Introduction
In response to Sacha Barber's article (please read his article before you continue), I couldn't help but think about generalizing the approach. After some discussion with Sacha, he suggested that I post a follow up article. So here we go.
Disclaimer: This is my first article, please bear that in mind. I appreciate any feedback. More importantly, as I mentioned to Sacha, I'm entirely new to genetic algorithms, so please do not think of me as any kind of expert. This article is more about generalization than GA specifically. But I think it poses some interesting questions, and I hope it will prompt some discussion.
Recall Sacha's sample problem: from 10 cards labeled 1-10, create two piles A and B, where the sum of the cards in A is as close as possible to 36, and the product of the cards in B is as close as possible to 360.
Generalization
The idea would be to try to create a simple framework that will allow a person wishing to implement a genetic algorithm to do so with as little work as possible, allowing them to focus on the specifics of their fitness tests and trusting that the framework will cycle through the population properly.
I first considered the general approach Sacha described:
Genetic Cycle Part I
- Select two members of the population
- Determine the "winner" 1 and the "loser" 1
- Randomly recombine the winner with the loser
- Randomly mutate the loser
I wondered if perhaps there was any use to more generalization, so just for fun, I took it one step further:
Genetic Cycle Part II
- Select N members of the population, where N > 1
- Determine the W "winners" and the L "losers", where W+L = N
- Randomly recombine the winners with the losers
- Randomly mutate the losers
Now, I don't know how relevant this second generalization is.

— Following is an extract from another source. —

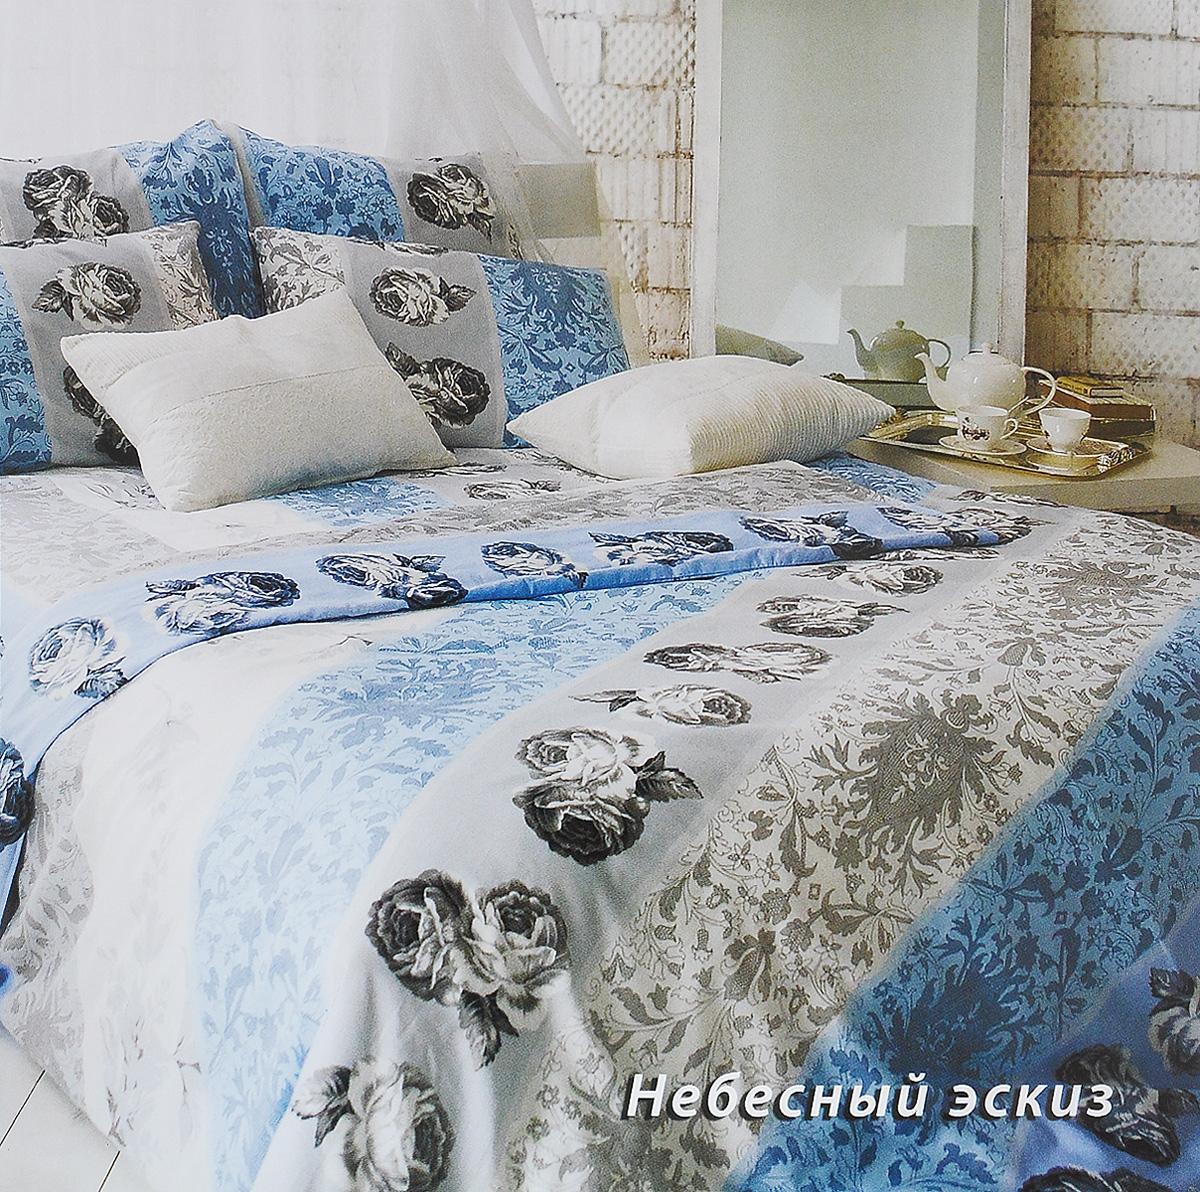 Комплект белья Tiffanys Secret Небесный эскиз, евро, наволочки 70х70, цвет: голубой, белый, серый2040815189Комплект постельного белья Tiffanys Secret Небесный эскиз является экологически безопасным для всей семьи, так как выполнен из сатина (100% хлопок). Комплект состоит из пододеяльника, простыни и двух наволочек. Предметы комплекта оформлены оригинальным рисунком.Благодаря такому комплекту постельного белья вы сможете создать атмосферу уюта и комфорта в вашей спальне.Сатин - это ткань, навсегда покорившая сердца человечества. Ценившие роскошь персы называли ее атлас, а искушенные в прекрасном французы - сатин. Секрет высококачественного сатина в безупречности всего технологического процесса. Эту благородную ткань делают только из отборной натуральной пряжи, которую получают из самого лучшего тонковолокнистого хлопка. Благодаря использованию самой тонкой хлопковой нити получается необычайно мягкое и нежное полотно. Сатиновое постельное белье превращает жаркие летние ночи в прохладные и освежающие, а холодные зимние - в теплые и согревающие. Сатин очень приятен на ощупь, постельное белье из него долговечно, выдерживает более 300 стирок, и лишь спустя долгое время материал начинает немного тускнеть. Оцените все достоинства постельного белья из сатина, выбирая самое лучшее для себя!

I'm not even sure it will work properly for N > 2. Sacha suggested that it might end up with a population that lacks sufficient diversity to find a solution:
The only thing you would have to watch is that after some time (n-times round the loop), the population may end up being too similar if you keep a few losers in. The result of which could be that the dominant winner is not different enough, and recombination and mutation won't make enough difference in actually creating an organism which could solve the problem domain.
With that caveat in mind, let's continue.
Why generalize? Well, this - i.e., GA - seems like it's a problem that comes up a lot, so an approach that is easy to reuse would seem appropriate. My idea is to have a base class that works with any N, W, and L, and then make derived classes to suit the situation. Specifically, I made a derived class with N=2, W=1, and L=1, and I called it BinaryGeneticAlgorithm
. Then, I made a derived class of BinaryGeneticAlgorithm
called "CardProblem
". It is hoped that CardProblem
and similar classes are now significantly easier to create.
IGenotype
Before we get to the base classes, we need an interface to work with. IGenotype
provides an interface for, you guessed it, genotypes. It just maintains a list of Gene
objects that are either On
or Off
. (There is some additional code to make Gene
objects "nice" to display in a property browser.)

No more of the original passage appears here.